Longtime passionate audiophiles, Hammer and Manz had, since 1997, imported to and distributed in Switzerland the Audiolabor electronics from Germany, among other brands (Turntable maven Helmut Brinkmann was one of Audiolabor's founders). When Audiolabor became inactive, Hammer and Manz hired its chief audio designer, Christopher Schürmann, who, over a five-year period, began implementing Hammer and Manz's mandate to design cost-no-object components, eventually to their satisfaction.

While Soulution is a relatively young company, it's built on the foundation of a long-successful one that will stand behind and support the product. That's good to know when you're forking over $45,000 for a moderately powered solid-state amplifier—though of course we all know of amps that cost over $100,000 and output but a few watts.

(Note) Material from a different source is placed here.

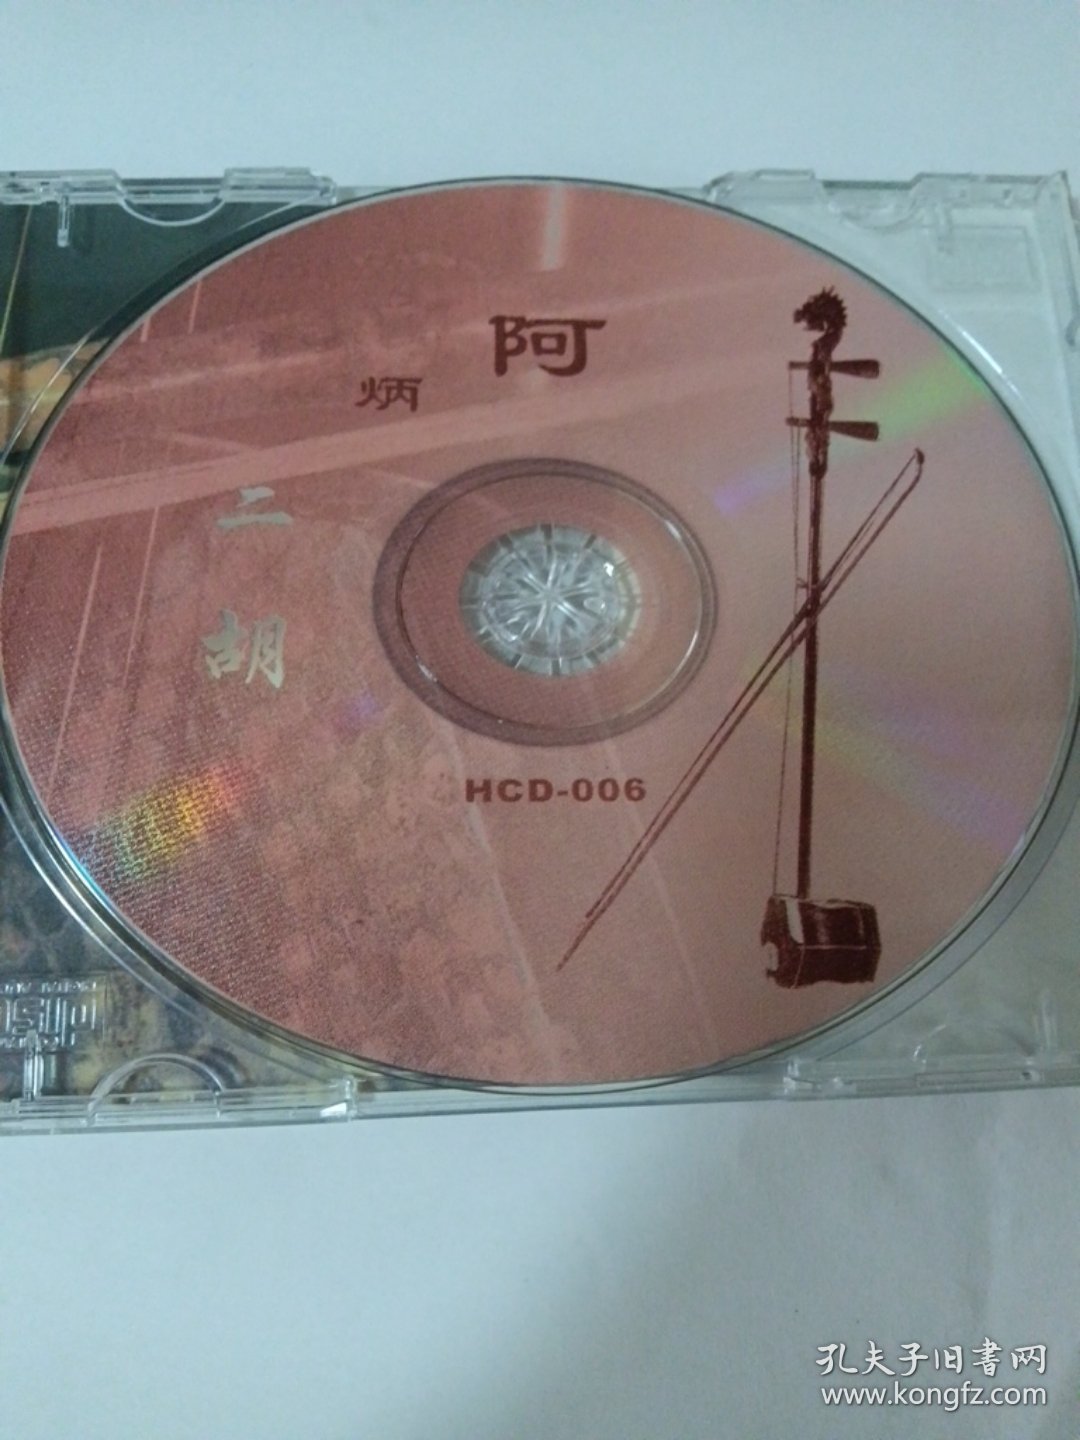 歌曲CD：二胡传说 1CD 多单合并运费

Boy, you're gonna carry that weight
It took three people to move the 176-pound Soulution from its crate to my Finite Elemente Pagode stand and, at the end of the review period, three others to get it from there into the trunk of John Atkinson's car. Compounding the weight problem were the rather sharp edges of the integral handles on the Soulution's rear panel.

The look of the boxy, matte-gray case is retro-industrial elegant, enhanced by the lack of any visible fasteners on any surface. No doubt the Spartan look won't appeal to everyone, but I found it refreshingly understated in a world filled with blue LEDs and gleaming brushed aluminum.

A relatively small orange display on the front panel monitors settings made via the three small buttons to its right, and alerts the user to any fault conditions. (The 710 includes circuits to protect it from clipping, overcurrent, and overheating.) The company name appears below the display, almost as an afterthought, in small letters that look almost typewritten. You can choose balanced or single-ended operation, as well as a remote turn-on option when the 710 is paired with a Soulution preamp. Rear-panel buttons let you choose the startup input and the brightness of the front-panel LEDs.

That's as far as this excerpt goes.